Shares of the New York-based company, formerly known as ViacomCBS (NASDAQ:), fell nearly 13% in trading before the bell. They have gained more than 35% so far this year.

Paramount faces tough competition from established players such as Netflix (NASDAQ:) and Walt Disney (NYSE:) Co’s Disney+, despite ramping up investments in original content to attract subscribers to its streaming platform.

Paramount+, the company’s flagship streaming platform, added 4.1 million subscribers during the quarter, compared with 9.9 million in the preceding quarter.

Several factors, including higher prices, softening consumer demand across products and services, and weak markets, have forced companies to pull back on advertising spending.

Sales for its TV media segment declined 8% from a year earlier, with advertising revenue down 11%.

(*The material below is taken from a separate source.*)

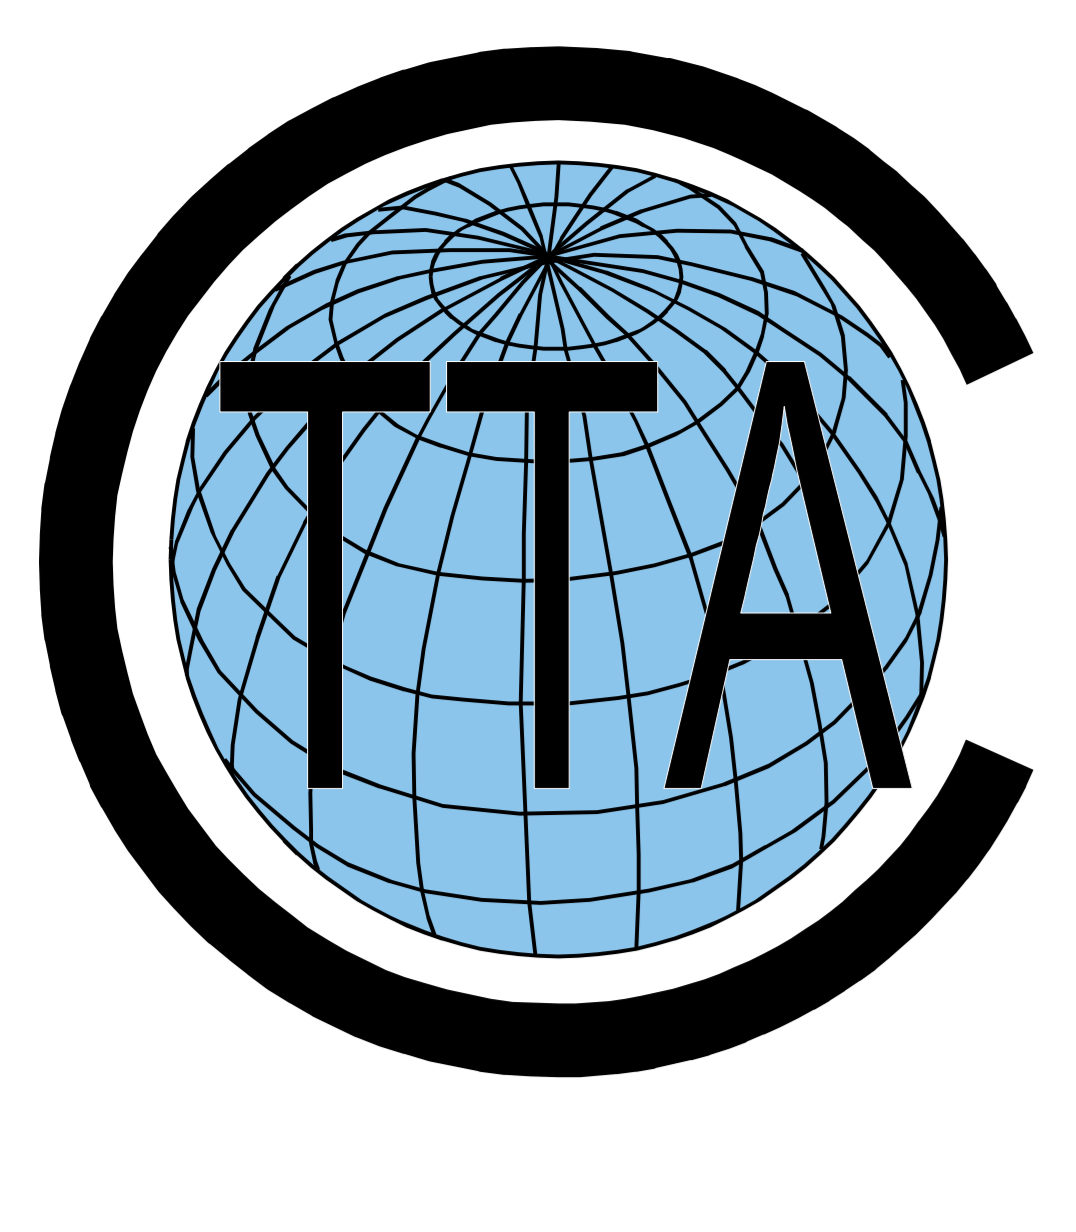 GTTA Logo

Revenue at the company was $7.27 billion in the first quarter ended March 31, compared with analysts’ average estimate of $7.42 billion, according to Refinitiv IBES data.

Overall, revenue in the company’s direct-to-consumer unit, which includes streaming platforms Paramount+ and PlutoTV, grew 39% in the first quarter. Revenue from its filmed entertainment business, which makes and distributes movies and TV shows, fell 6%.

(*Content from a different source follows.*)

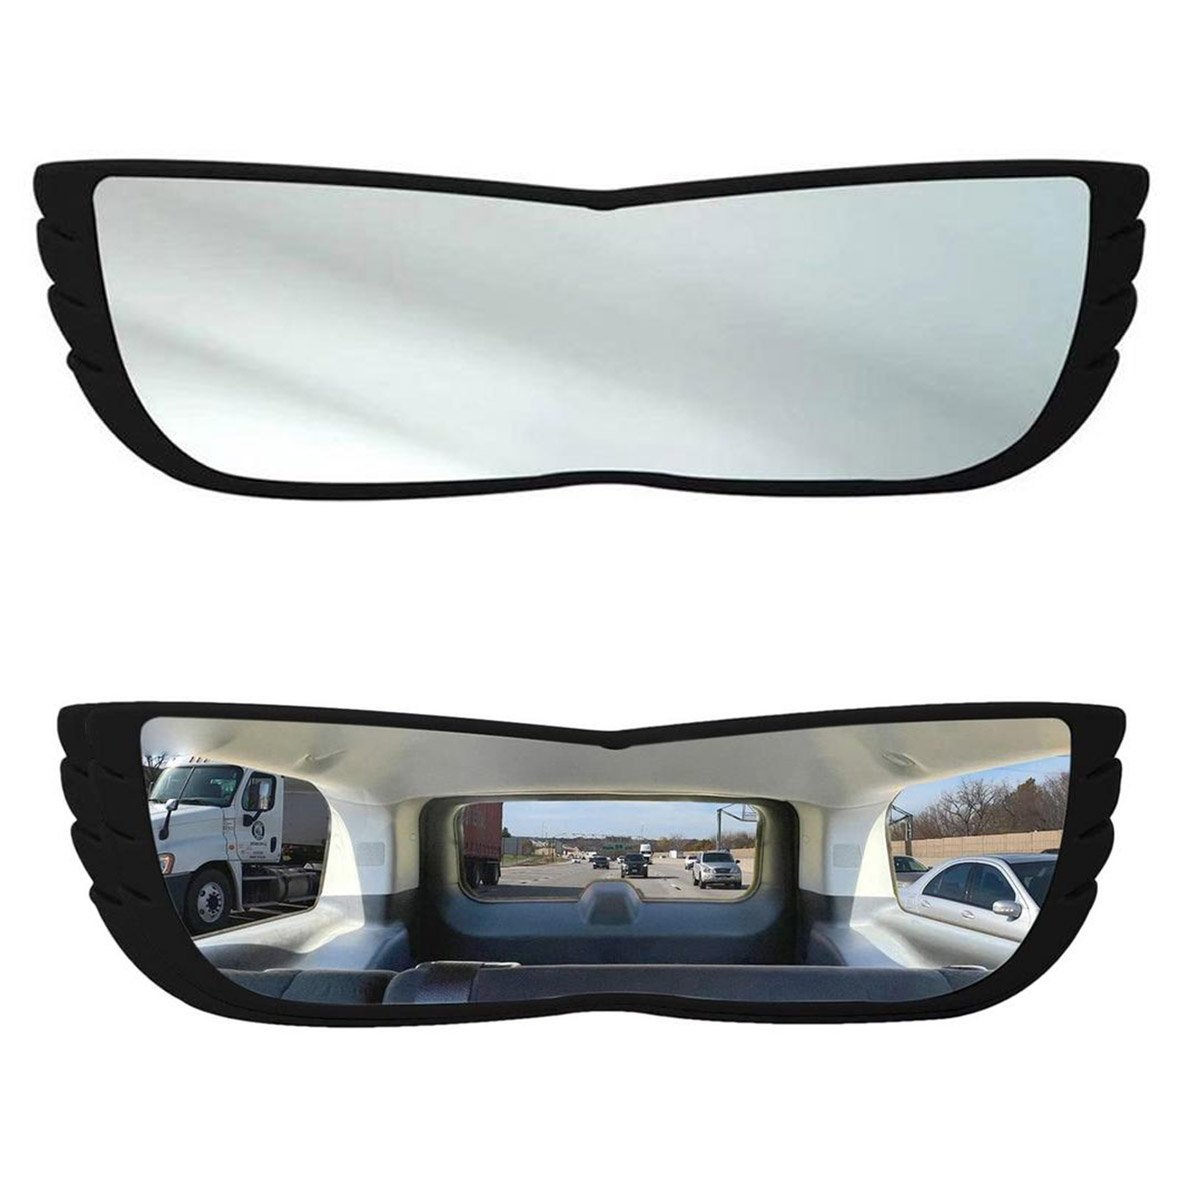 Espelho Retrovisor 160 Graus Carro Automotivo Caminhao Visao Ampla Panoramica Alta Visibilidade Prot

Investment in original content and expansion of its streaming platform are also driving cash burn for the owner of the CBS network.

Operating loss stood at $1.23 billion during the quarter, compared with an operating income of $775 million a year earlier.

On an adjusted basis, the company earned 9 cents per share, below Wall Street’s estimate of 17 cents per share, according to Refinitiv IBES data.